Set with labels (our train+test) : (284580, 6)


data.head()
data.describe()
data.isna().sum()

* Il n'y a pas de valeurs manquantes : pas besoin d'imputation
* Pas besoin de label encoder
* new_user, country, source est catégorielle : mais pas besoin d'encoder
* age et pages visitées sont quantitatives : on doit les normaliser
* ATTENTION : outliers dans Age : 123 ans ! 

In [5]:
#filtrer que les ages < 90
data = data[data['age'] < 90]

# Explore dataset

# The dataset is quite big : you must create a sample of the dataset before making any visualizations !
data_sample = data.sample(10000)

In [None]:
# Visualize pairwise dependencies before taking out outliers
fig = px.scatter_matrix(data_sample)
fig.update_layout(
        title = go.layout.Title(text = "Bivariate analysis", x = 0.5), showlegend = False, 
            autosize=False, height=800, width = 800)
fig.show()

In [6]:
# pip install kaleido

# Preprocessing 
classification model as Y (target = conversion) is categorical ! 

In [7]:
# définition features :

features_list = ['country', 'age', 'new_user', 'source', 'total_pages_visited']
target_variable = 'converted'

X = data.loc[:, features_list]
Y = data.loc[:, target_variable]

print('Explanatory variables : ', X.columns)
print()

Explanatory variables :  Index(['country', 'age', 'new_user', 'source', 'total_pages_visited'], dtype='object')



In [8]:
data.head()

Unnamed: 0,country,age,new_user,source,total_pages_visited,converted
0,China,22,1,Direct,2,0
1,UK,21,1,Ads,3,0
2,Germany,20,0,Seo,14,1
3,US,23,1,Seo,3,0
4,US,28,1,Direct,3,0


for feature in ['age', 'new_user', 'total_pages_visited'] :
  X[feature + "_2"] = X[feature].apply(lambda x : x**2)
  X[feature + "_3"] = X[feature].apply(lambda x : x**3)
  X[feature + "_4"] = X[feature].apply(lambda x : x**4)


In [9]:
# Divide dataset Train set & Test set 
print("Dividing into train and test sets...")
X_train, X_test, Y_train, Y_test = train_test_split(X, Y, test_size=0.1, random_state=0, stratify = Y)
print("...Done.")
print()

Dividing into train and test sets...
...Done.



In [10]:
# Put here all the preprocessings
print("Encoding categorical features and standardizing numerical features...")

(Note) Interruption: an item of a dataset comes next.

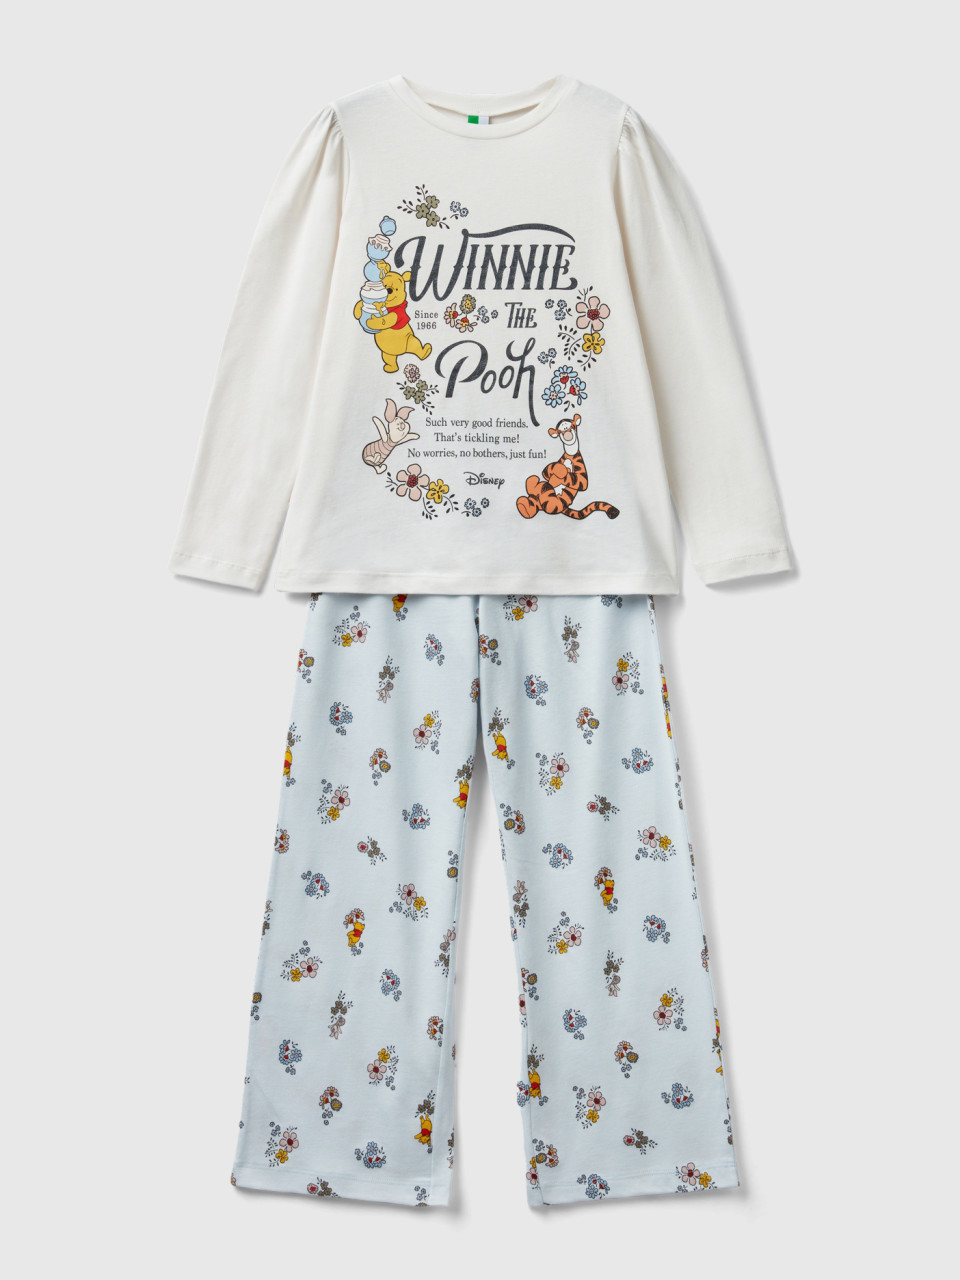 Benetton, Langer Pyjama Mit ©disney Winnie The Pooh, Cremeweiss, female
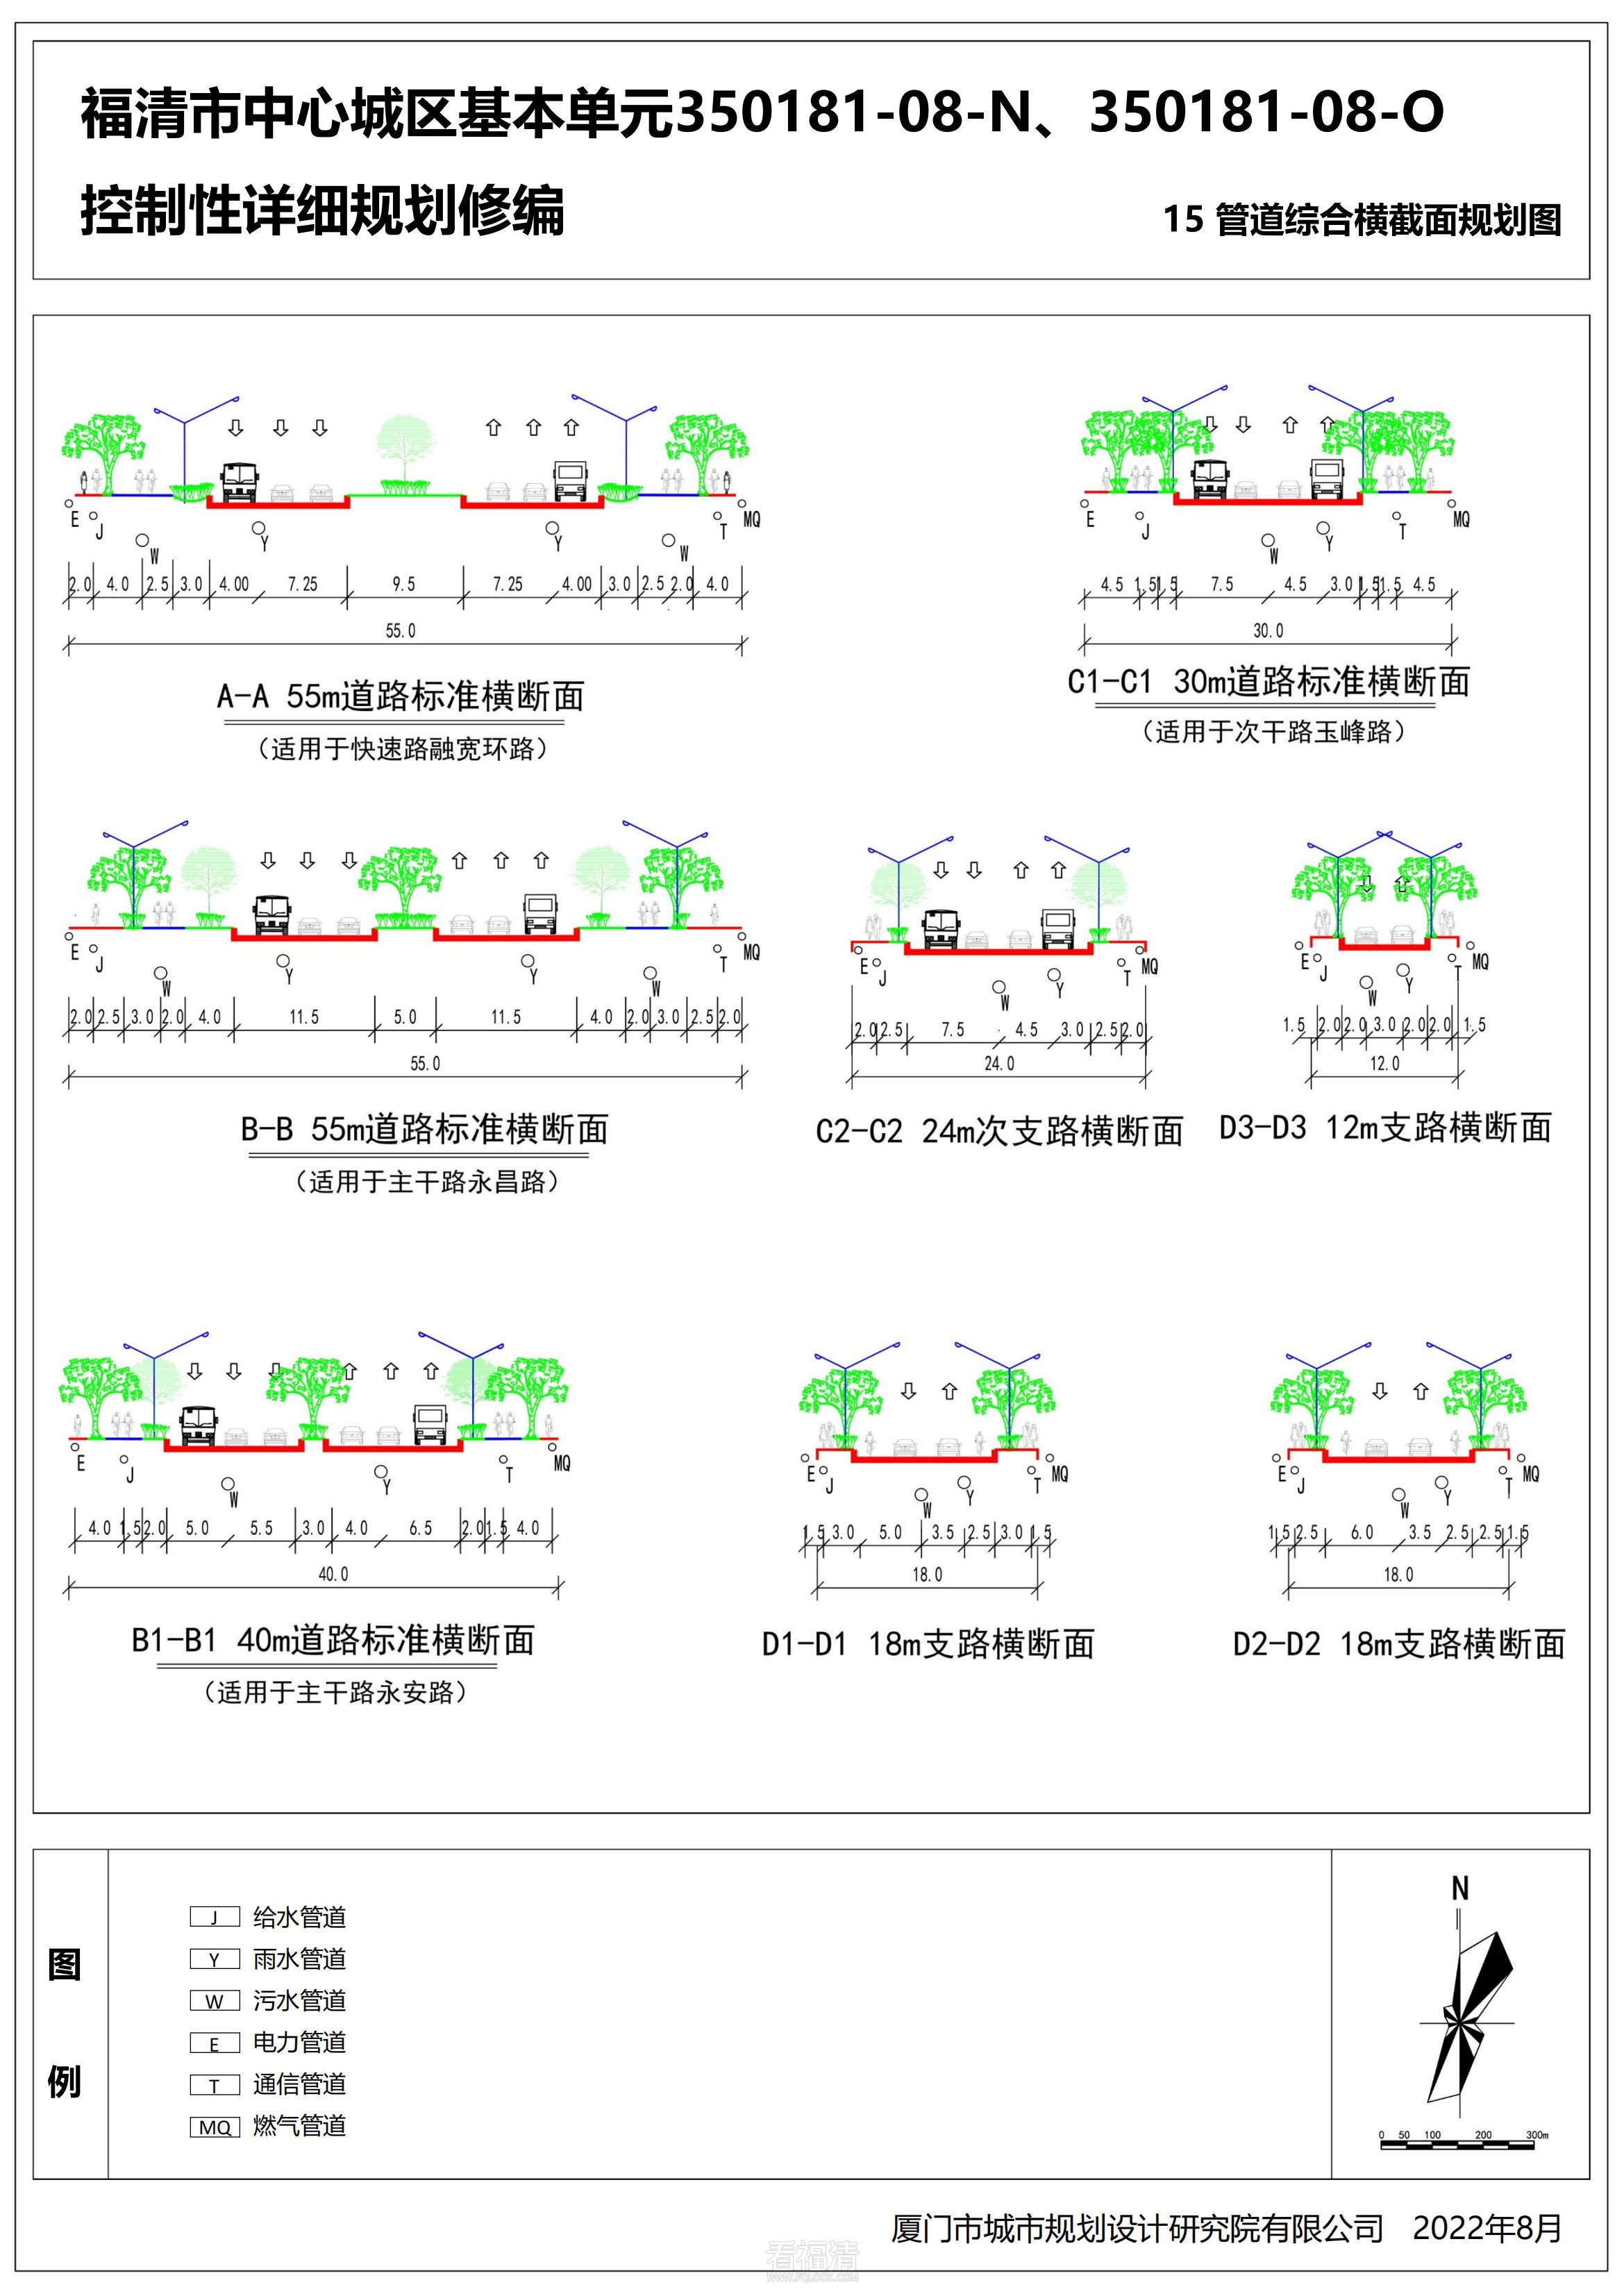 福清市中心城区基本单元350181-08-N、350181-08-O控制性详细规划修编_38.jpg

num_featureencoder = StandardScaler()
num_features = ['age', 'total_pages_visited']

cat_featureencoder = OneHotEncoder(drop='first')
cat_features = ['country', 'new_user', 'source']

# Use ColumnTransformer to make a preprocessor object that describes all the treatments to be done
preprocessor = ColumnTransformer(
    transformers=[
        ('num', num_featureencoder, num_features),
        ('cat', cat_featureencoder, cat_features)
    ])

print("Preprocessing done")

Encoding categorical features and standardizing numerical features...
Preprocessing done


In [11]:
# Preprocessings on train set
print("Performing preprocessings on train set...")
X_train = preprocessor.fit_transform(X_train)
print('...Done.')
print(X_train[0:5]) # MUST use this syntax because X_train is a numpy array and not a pandas DataFrame anymore
print()

# Use X_test, and the same preprocessings as in training pipeline, 
# but call "transform()" instead of "fit_transform" methods (see example below)

print("Encoding categorical features and standardizing numerical features...")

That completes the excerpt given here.